* TASK TO CARRY OUT
Only the lines from the beginning of the listing below through the line with "ساعت مچی عقربه" belong in the answer; please print them exactly and drop the pictures.

* DATA

_ _ _ _ _ _ _

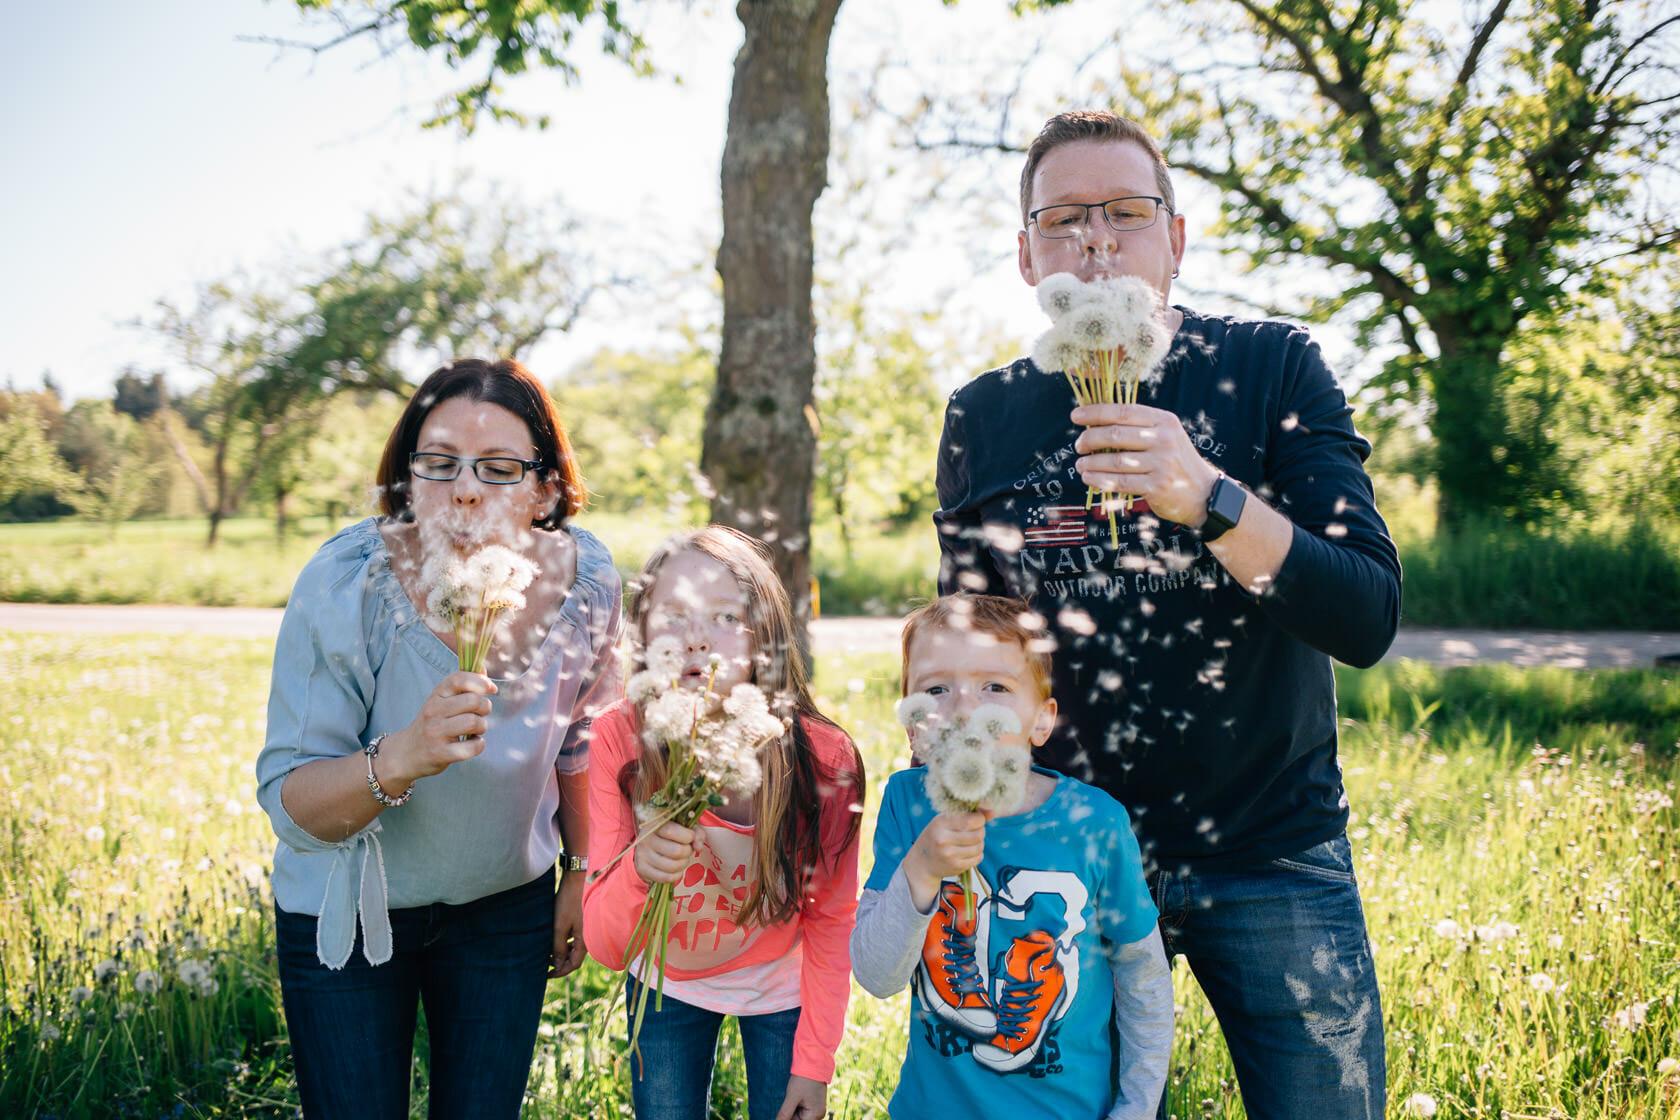 Familienfotos in der Natur Familienfotografie Karlsruhe Sommerfotos Pusteblumen Familienfotografie Fotograf
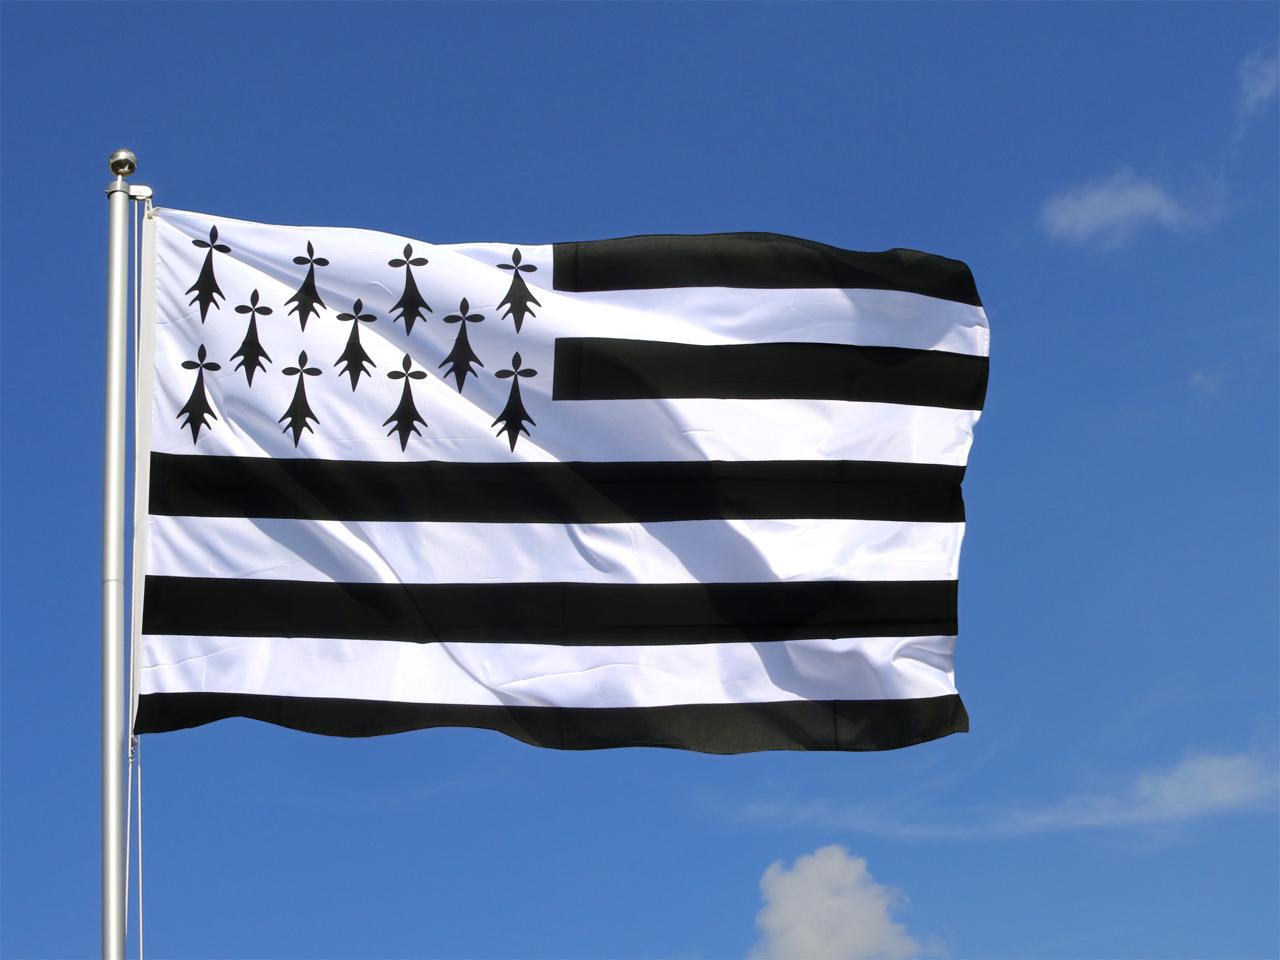 Marshall Islands Micronesia n 7132566 likewise Seychelles further MAJURO MARSHALL ISLANDS 492 as well Large Brittany Flag 6302 further Syria Hand Waving Flag 1495. on marshall islands
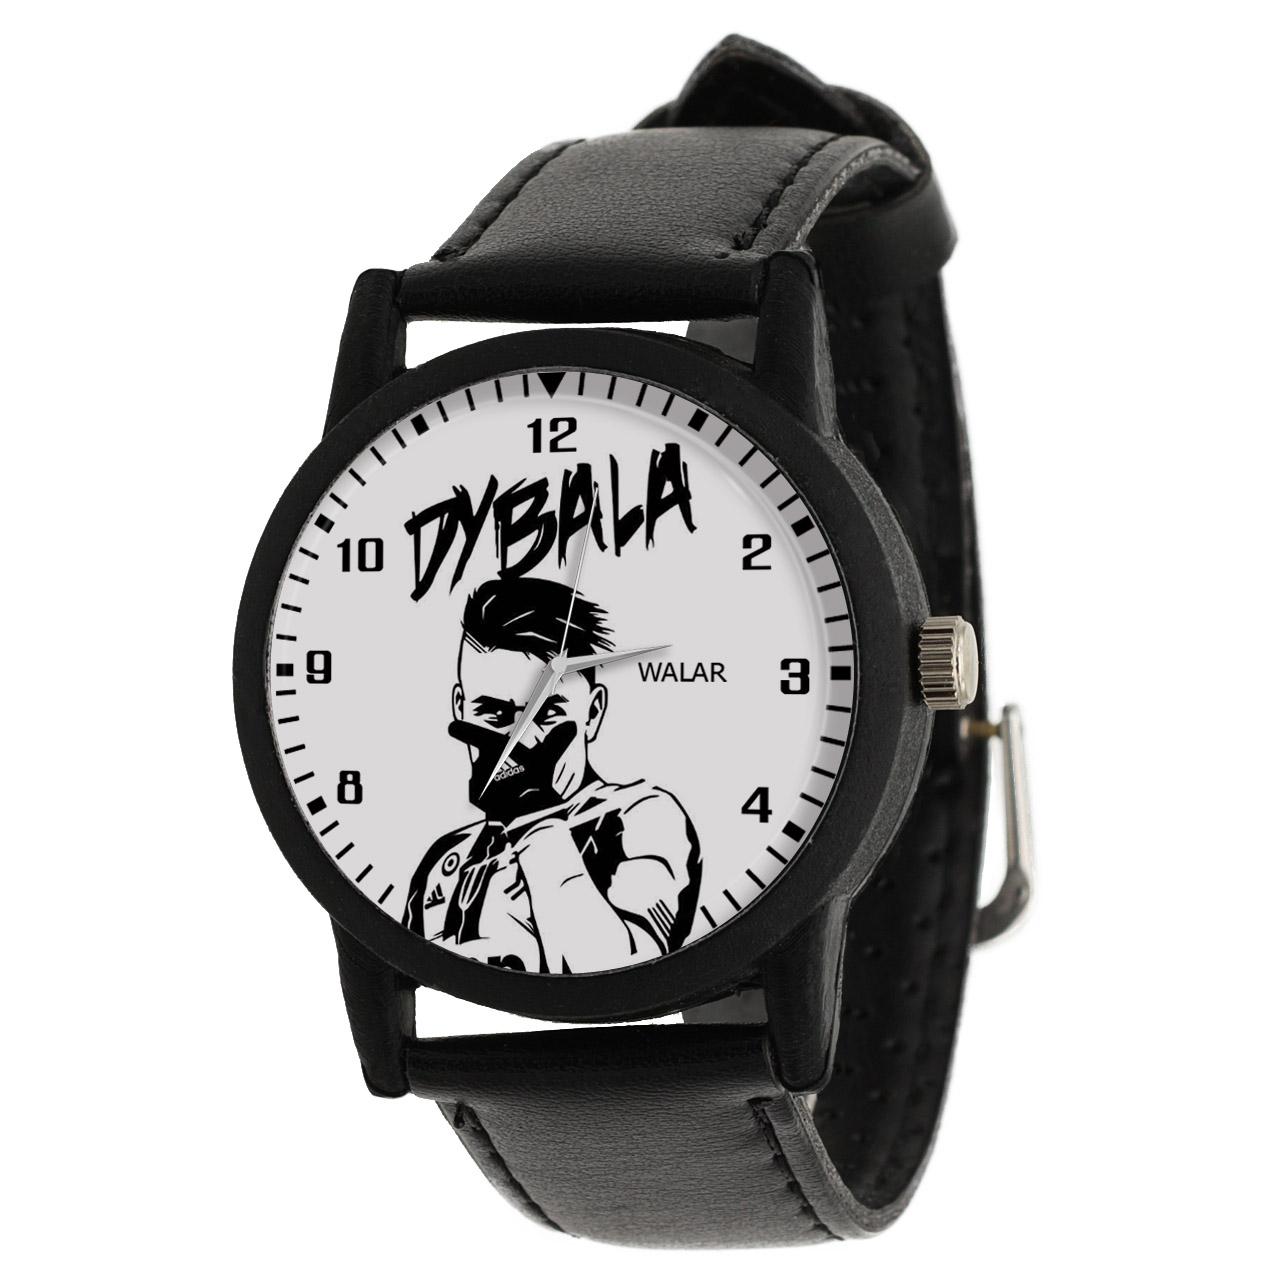 ساعت مچی عقربه ای مردانه والار طرح پائولو دیبالا کد LF2119
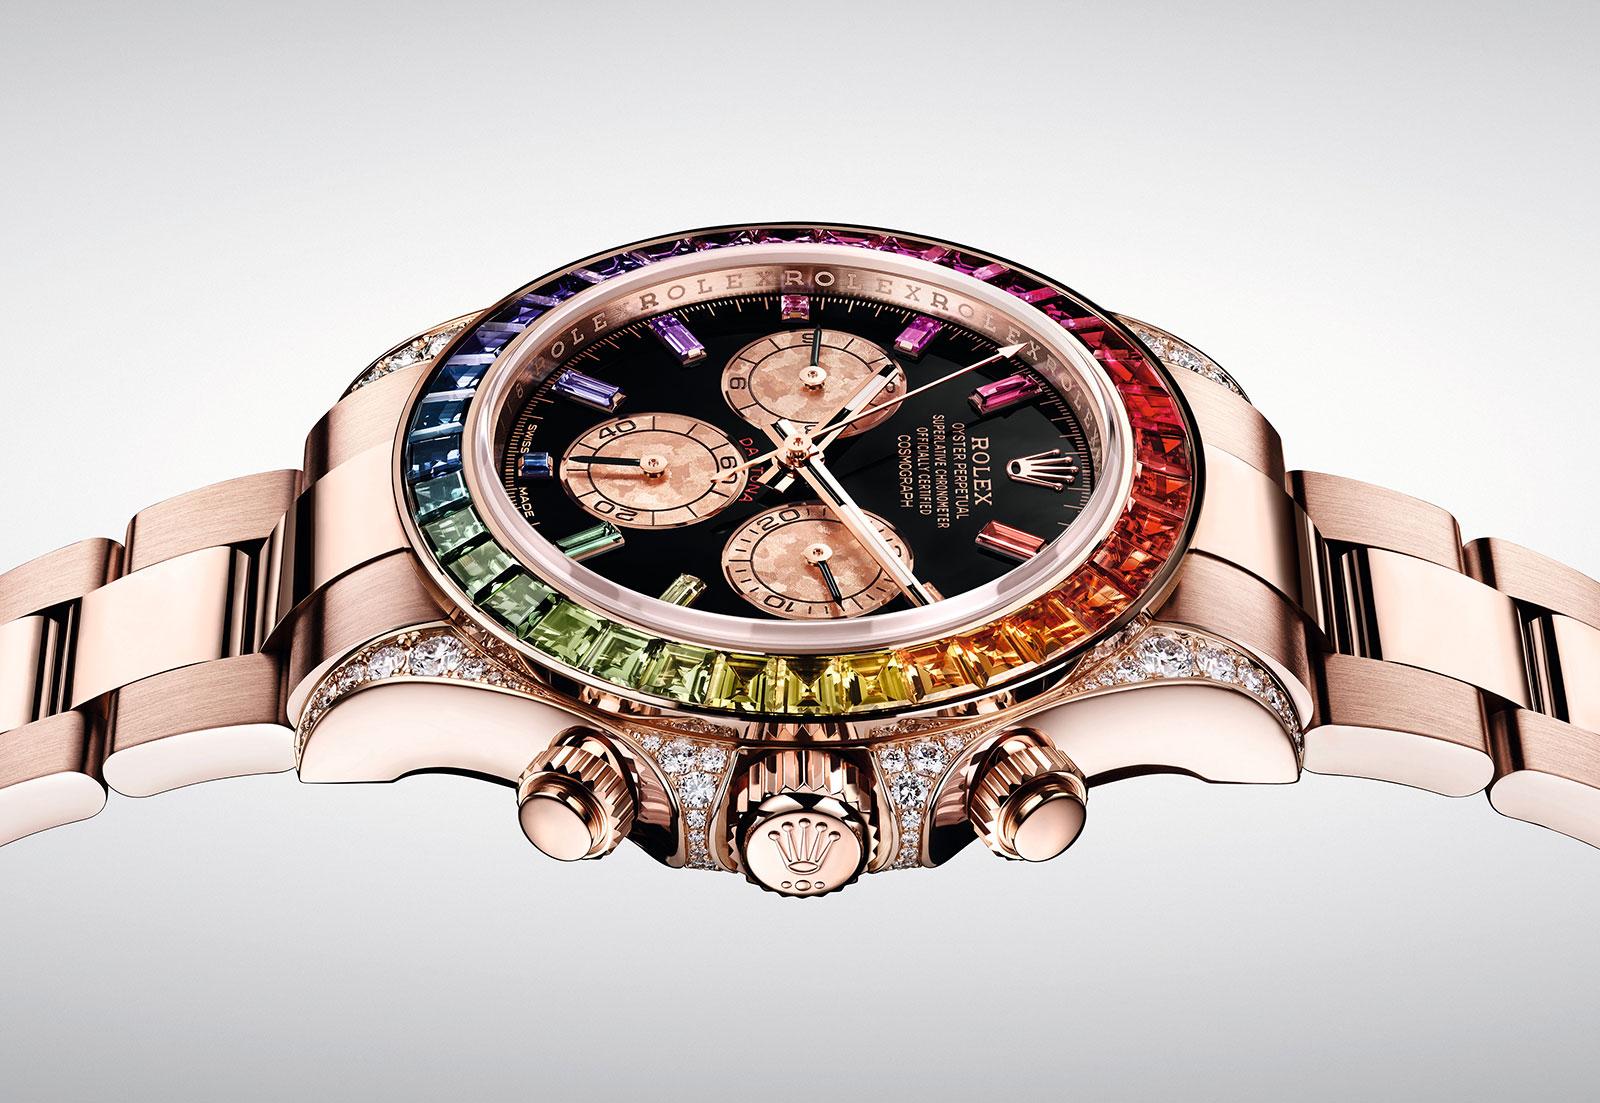 Rolex Daytona Rainbow Everose 116595 RBOW 4

_ _ _ _ _ _ _

* EXPECTED ANSWER
 Familienfotos in der Natur Familienfotografie Karlsruhe Sommerfotos Pusteblumen Familienfotografie Fotograf
 Marshall Islands Micronesia n 7132566 likewise Seychelles further MAJURO MARSHALL ISLANDS 492 as well Large Brittany Flag 6302 further Syria Hand Waving Flag 1495. on marshall islands
 ساعت مچی عقربه ای مردانه والار طرح پائولو دیبالا کد LF2119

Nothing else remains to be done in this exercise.